Consumers these days rely increasingly on supermarkets for their food purchases. While other channels saw their sales dwindle, only supermarkets – and especially discounters –actually posted growth. Notably, last year consumer spending on food declined only marginally (-0.2 percent) compared to total consumer spending (-2.1 percent). Consumers are very cost-conscious and will stay that way in the years to come. Therefore we do not expect total consumer spending to pick up in 2014. These are the conclusions of ABN AMRO’s 2014 sector update Visie op Food, which was published today.

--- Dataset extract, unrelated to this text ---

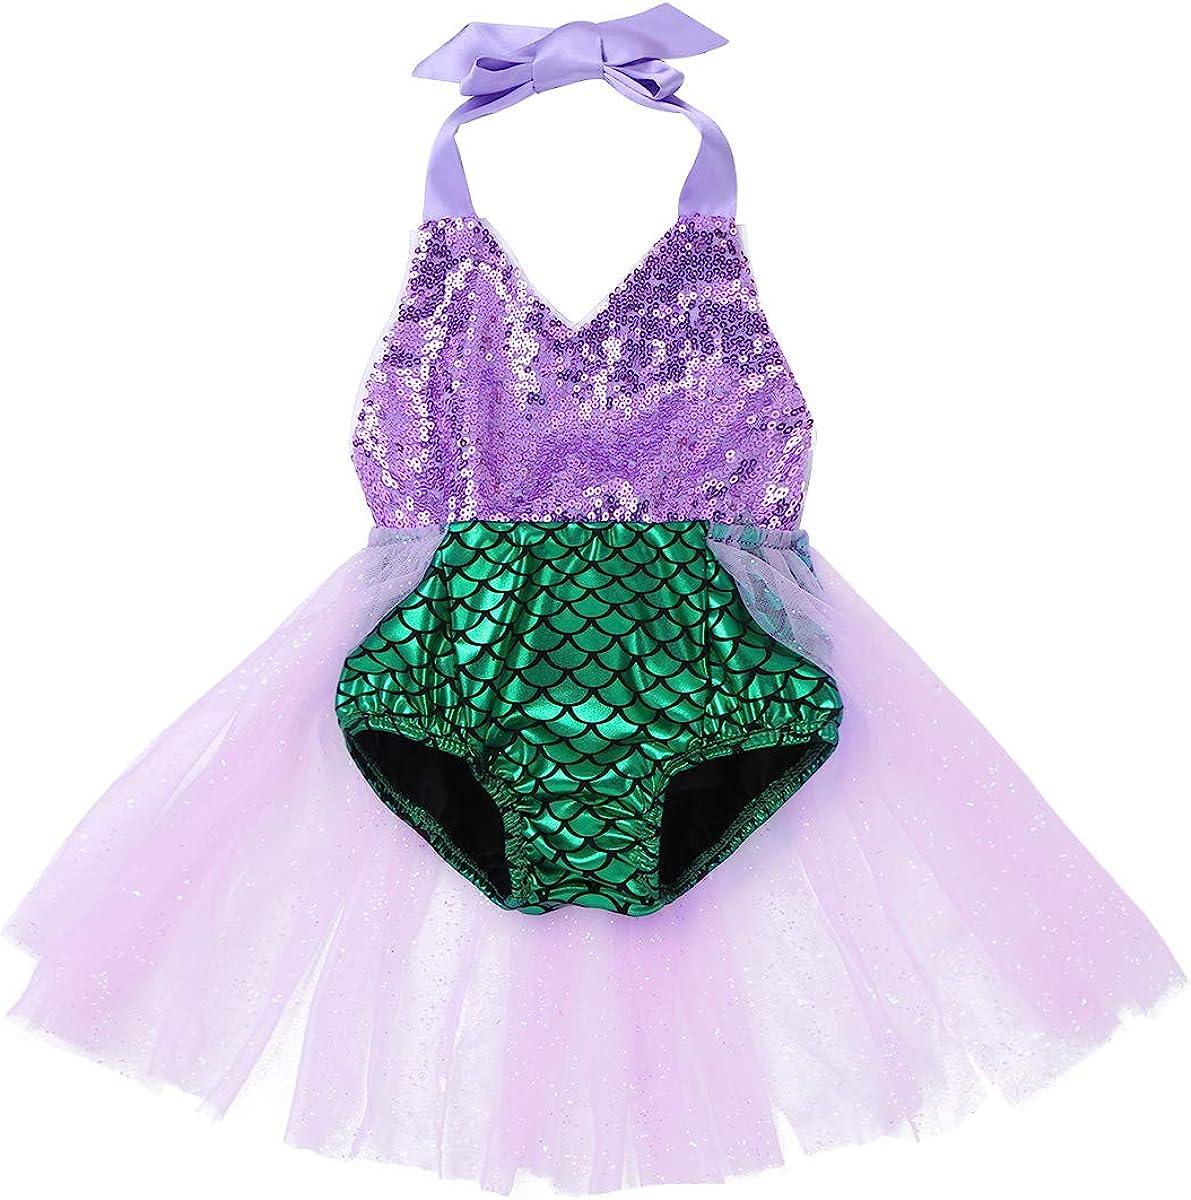 Agoky Robe de Sir/ène Paillette Brillant B/éb/é Enfant Fille D/éguisement Sir/ène Princesse Cosplay Costume Halloween Tutu Robe Danse Ballet Justaucorps Gymnastique 0 Mois-3 Ans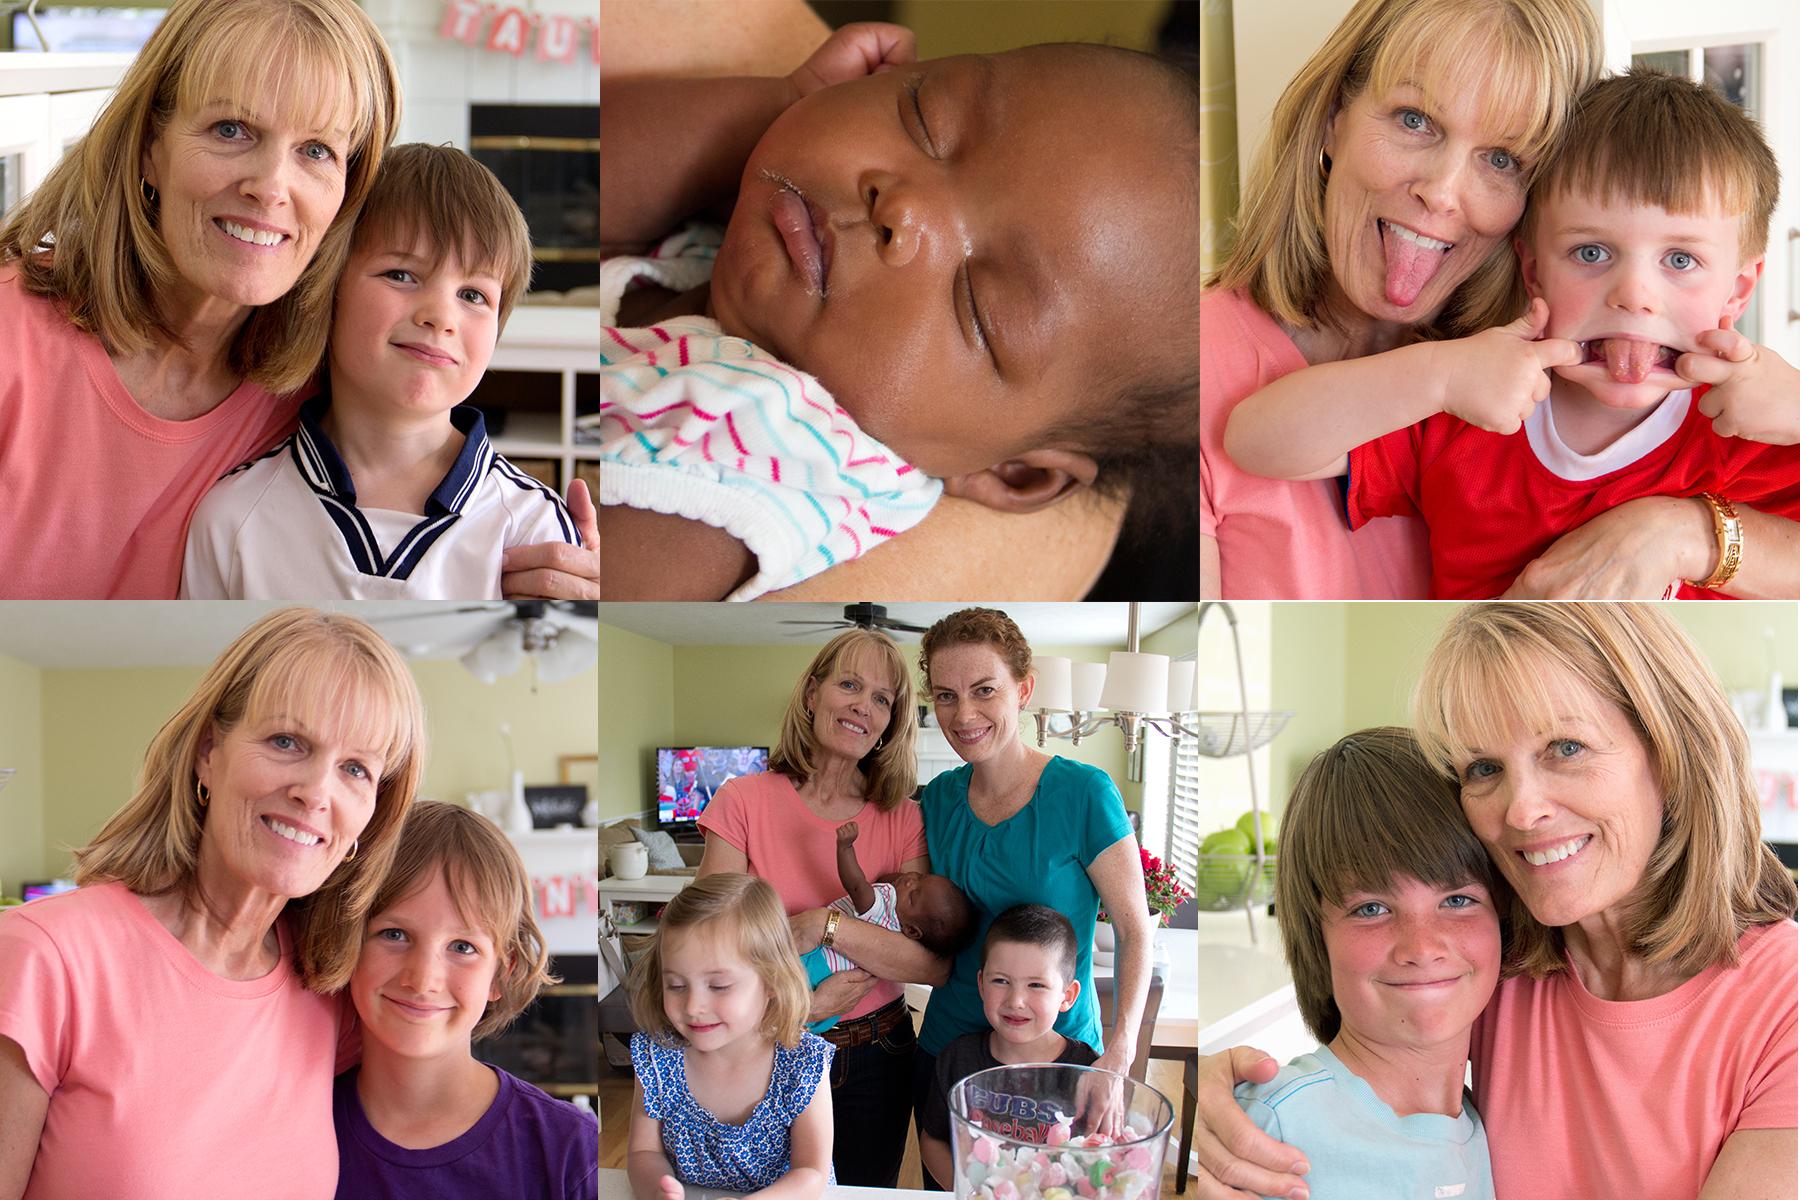 Taunya and various kiddos

Borders between distribution channels are blurring

Consumers spent a total €57 billion on food and luxury goods over 2013. That breaks down into €29.3 billion to supermarkets, €17.5 billion to out-of-home channels and €10.2 billion to at-home channels. Only supermarket spending grew in 2013. The out-of-home channels are having a rough time as an increasing number of consumers cook at home more often rather than go out for dinner. According to ABN AMRO, as suppliers capitalise on this development (e.g. by offering fresh, pre-packed, ready-to-cook products), the borders between sales channels are blurring.

Conscious consumers are on the rise

Although price is still the main focus in the food sector, the tide is turning. The abuses in the meat industry have been a wake-up call for consumers in 2013. ABN AMRO views this as favourable for entrepreneurs trying to distinguish themselves in a different way. Conscious consumers are on the rise. For example, demand for fish with a sustainability label is growing, partially due to the wider range available in supermarkets. The meat industry as well is increasingly guided by shifting consumer demands with regard to animal health and the environment. That goes not only for fresh meat, but for processed and semi-manufactured meats as well. Additionally, consumers are becoming keener on products from familiar, local suppliers. Franchisees in particular are adding locally supplied products to their product ranges.

Gaining an edge with transparency and differentiation

ABN AMRO does not expect consumer budgets to rise yet in 2014. Hotel and catering businesses are being challenged to narrow the price gap between out-of-home and at-home channels. They could do so by investing in the optimisation of logistic processes. For example, they could pool purchases to cut back on distribution costs – and limit their environmental footprint in the process. Additionally, ABN AMRO observes that wholesalers focus more and more on ready-to-cook products, lowering the expenses of their hotel and catering customers. They are also increasingly investing in specific concepts or markets, like health care. “The Dutch food sector could improve its distinctive capacity by guaranteeing transparency and quality. Currently, getting meat to meet food safety requirements is a big issue. New meat concepts allow for greater transparency and offer the consumer a broader range of products to choose from,” says Niels Dijkman, ABN AMRO’s Sector Banker Food. “Each party in the food sector needs to focus on optimising the supply chain and offering more alternatives to conscious consumers. The industry leaders will set the trend in taking responsibility for their supply chain as they broaden their sustainable offering.”